Dr Andrews is 2nd nicest medical professional after Dr. Fedorenko and my original haematologist who took himself off the list. ¯\_(ツ)_/¯
I was pretty confident he’d captain the ship and tell me and the others in my medical team what’s what and he did. #squadgoals
He was cautious and considered and wise.
It’s only my walk and gait that have really been affected by this new activity which correlates to the location of the lesion activity on my spine (all other symptoms remain stable or improved) but there’s a chance that I could be transitioning to SPMS so Mitoxantrone it is, Rituximab would be ineffective.
Mitoxantrone is pretty potent and you can only have 10 doses in a lifetime and with that comes a 1/400 chance of developing leukemia. I’m only going to have 3 doses (IV) over 3 months, and there are no leukemia stats on that. Praise be.
What will this do? It may make me ill for a day or two, but big picture wise it will kick the active MS cells back into submission and potentially get my walk back.

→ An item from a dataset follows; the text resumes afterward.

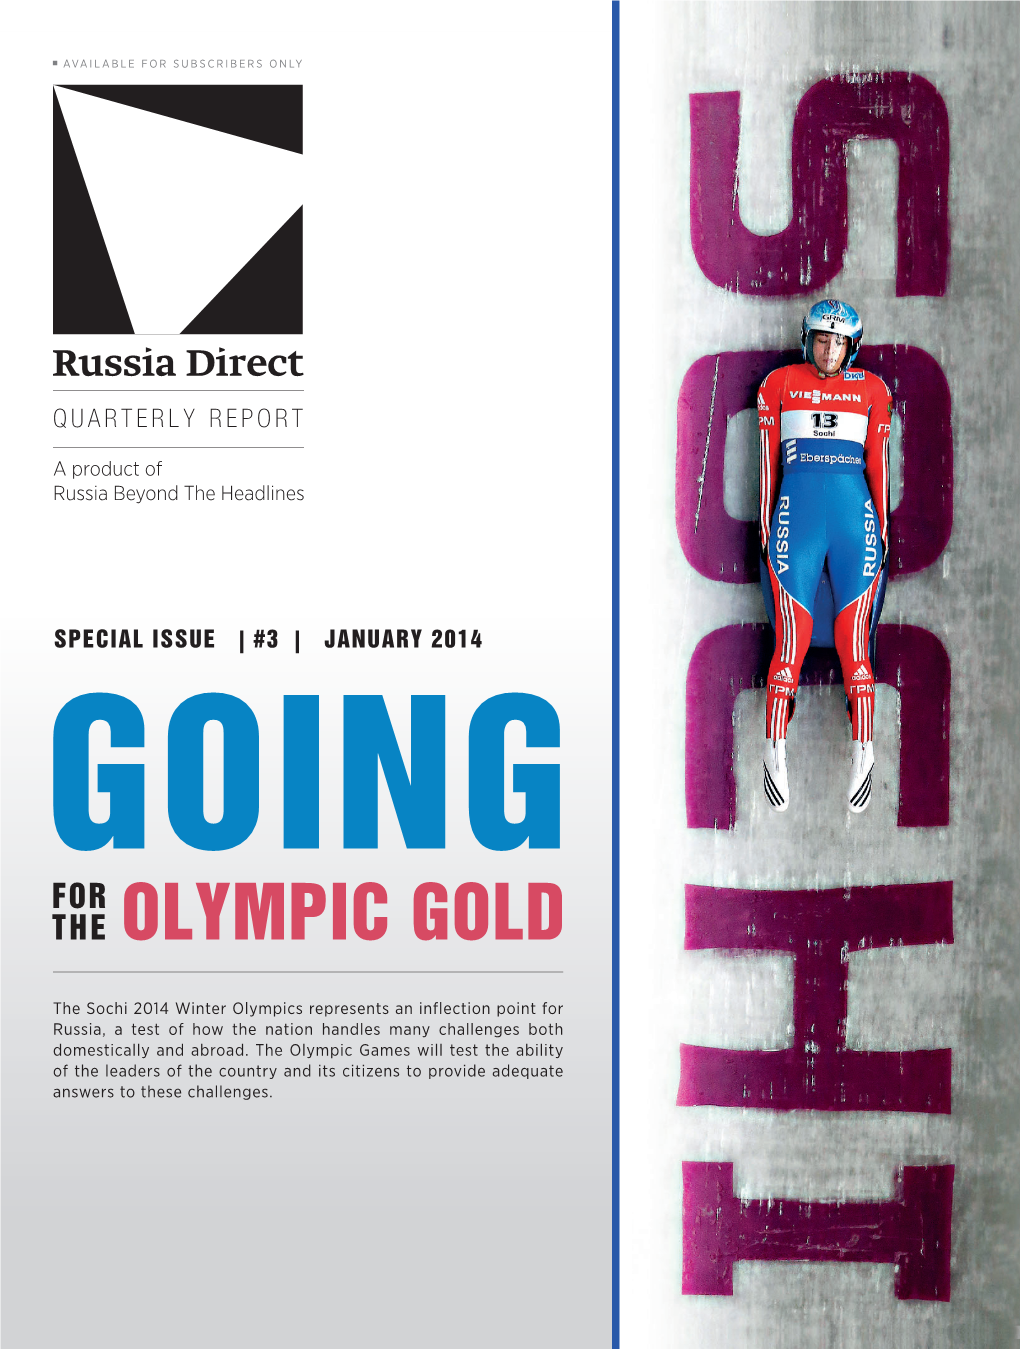 The Sochi 2014 Winter Olympics Represents an Inflection Point for Russia, a Test of How the Nation Handles Many Challenges Both Domestically and Abroad

So that’s where I’m at. I have a plan. Yay.
With this renewed hope, I plan to get this page and making my FSJ page on Facebook active again. Not just about MS and HSCT but about stuff. Stuff I’m interested in factual or funny, pictures or posts or memes to share or just stuff that I have an opinion on and want to write about and or share.
I named this blog and the FunSizeJaney FB page purposely without MS or HSCT in the title because there’s so much more to me.
So, here goes… #standby.
Note: HSCT forum members, be your own best advocate – it’s not always the bloody rollercoaster that is so often touted. Sadly, there are few of us (more than you think) and many bunker down and put themselves first and do what they need to do without potentially feeling like they’re bringing the community down after all the success stories that are more frequently reported.
The reality is it’s not all rainbows and unicorns.
It is for many, if not most ~ but not all. HSCT is still the way to beat MS and no one I know of has any regrets.